Electrosurgical Power Supply with Harmonic Control and Component Integration
Electrosurgical devices are promising tools for advanced surgical performance compared with traditional manned scalpels, due to their precise resolution and fast response. However, several different electrosurgical devices, which can only generate single ac frequency, are demanded for varied operations such as dissection, sealing or coagulation, and thereby, multiple independent instrument are employed, which increases system costs and volumes. Another issue of current electrosurgical supplies is undesired harmonics inherent from the pulse width modulation (PWM), which may bring about unexpected phenomenon such as muscle contraction or overheating of human tissues. In this project, a new modulation scheme is first proposed to generate multiple ac frequencies from a single inverter, which not only significantly reduces number of electrosurgical supplies, but also facilitate combination of advanced surgical operation, dissection and seal simultaneously for instance. Moreover, advanced component integration along with this new modulation scheme are dedicated for further reduction of overall size of state of art electrosurgical devices. Additionally, undesired harmonics are addressed when using proposed converter modulation schemes, where several low order harmonics can be largely suppressed or even totally eliminated from output spectrums.
(a) Schematic circuit of the proposed electrosurgical power supply. (b) Output voltage waveforms of the inverter, low frequency output and high frequency output. (c) Spectrum of the output voltages.
In this research, a new modulation scheme, which can simultaneously generate two different ac frequencies while suppressing undesired harmonics in between, is first proposed and systematically investigated, and then the proposed modulation is verified on a 100 W prototype. Second, the band-pass filters that are employed to separate different frequencies from the inverter are designed and compared to achieve better filtering effect. Next, advanced filter network involving planar transformer design will be conducted to further minimize the system volume as well as to modeling the parasitic effect of filtering network. Finally, the leakage current caused by high order harmonics will be addressed using the proposed modulation scheme, and corresponding modification and tradeoffs will be studied in the stage.
Modulation Scheme Study
Two different modulation schemes, unipolar and bipolar dual-frequency selective harmonic elimination (DFSHE), are investigated. Compared to traditional PWM modulation, which controls only the fundamental frequency of the output waveform through modulation of duty cycle at constant frequency, selective harmonic elimination (SHE) modulation varies both switching frequency and duty cycle per switching period in order to generate an output in which a large range of the output spectrum is directly controlled. The SHE method uses Fourier analysis, based on the desired output spectrum, to synthesize a pulse train, consisting of a number of discrete switching instances. Each switching instance is defined by switching angles relative to the fundamental period. In this work, the SHE method is extended to a dual-frequency scheme. Rather than generating a single fundamental frequency and cancelling n harmonics, the DFSHE approach regulates the amplitude of the fundamental and a kth harmonic to controlled values, while cancelling all harmonics in between and, possibly, a number of harmonics above the kth.

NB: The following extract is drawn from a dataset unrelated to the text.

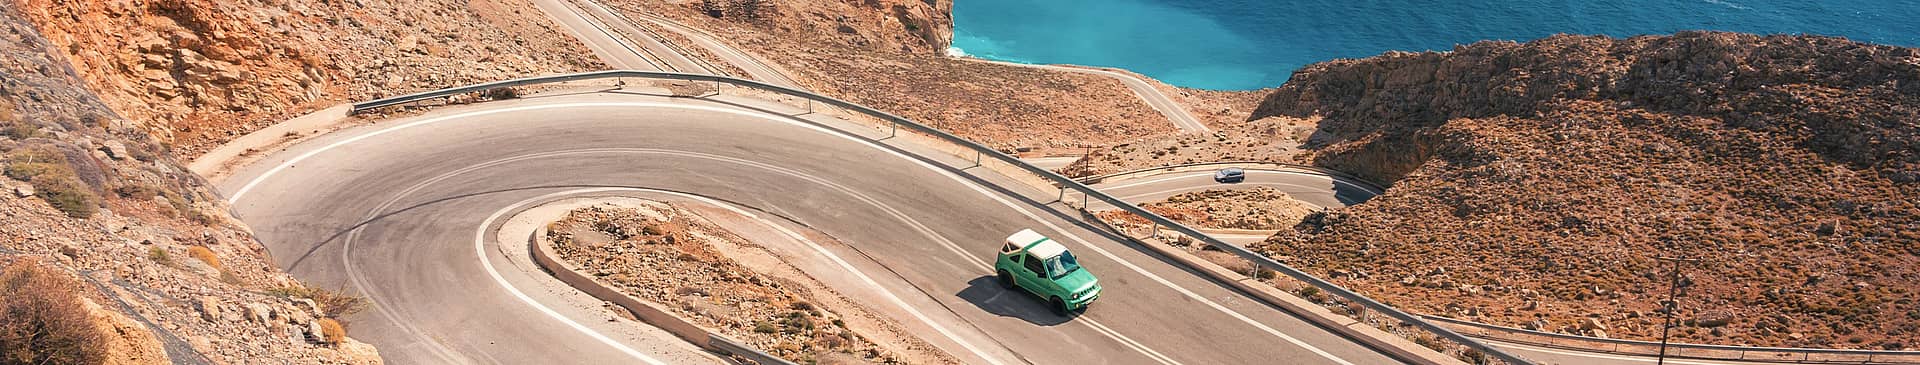 Creta on the road

Passive Component Design and Integration
Two band-pass filters (LC resonant tank) are first adopted in the prototype to separate the fundamental and the kth harmonic, while attenuating other frequency element out of their resonant frequencies. The load variation will influence the quality factor of such two-order filters, and therefore, higher order filters are studied and further simulated to compare with the performance of the two-order filters. On the other hand, parasitic capacitance and ac resistance of inductor windings will bring impacts on the tuning of the appropriate frequencies of individual filters. As a result, a compact planar magnetic design will be conducted to precisely model and control such parasitic effect. Also, such component integration will decrease overall volume of the system.
How WBG Can Help
One goal of this project is to reduce the overall size of the prototype and to increase the power density of the converter. The passive components are design and optimized to achieve such goal. On the other hand, the GaN devices are also adopted in the prototype, which has smaller profile and lead to smaller PCB layout. Second, the volume of heat sink attached to the devices are also reduced due to their superior switching characteristic in several kilohertz operations compared with silicon devices. One impact of the GaN devices is the device capacitances, which relates to the resonant operation of the inverter as well as the dead time determination. The behavior of the GaN device output capacitance will be studied to achieve desired frequency and to set appropriate dead time to minimize losses.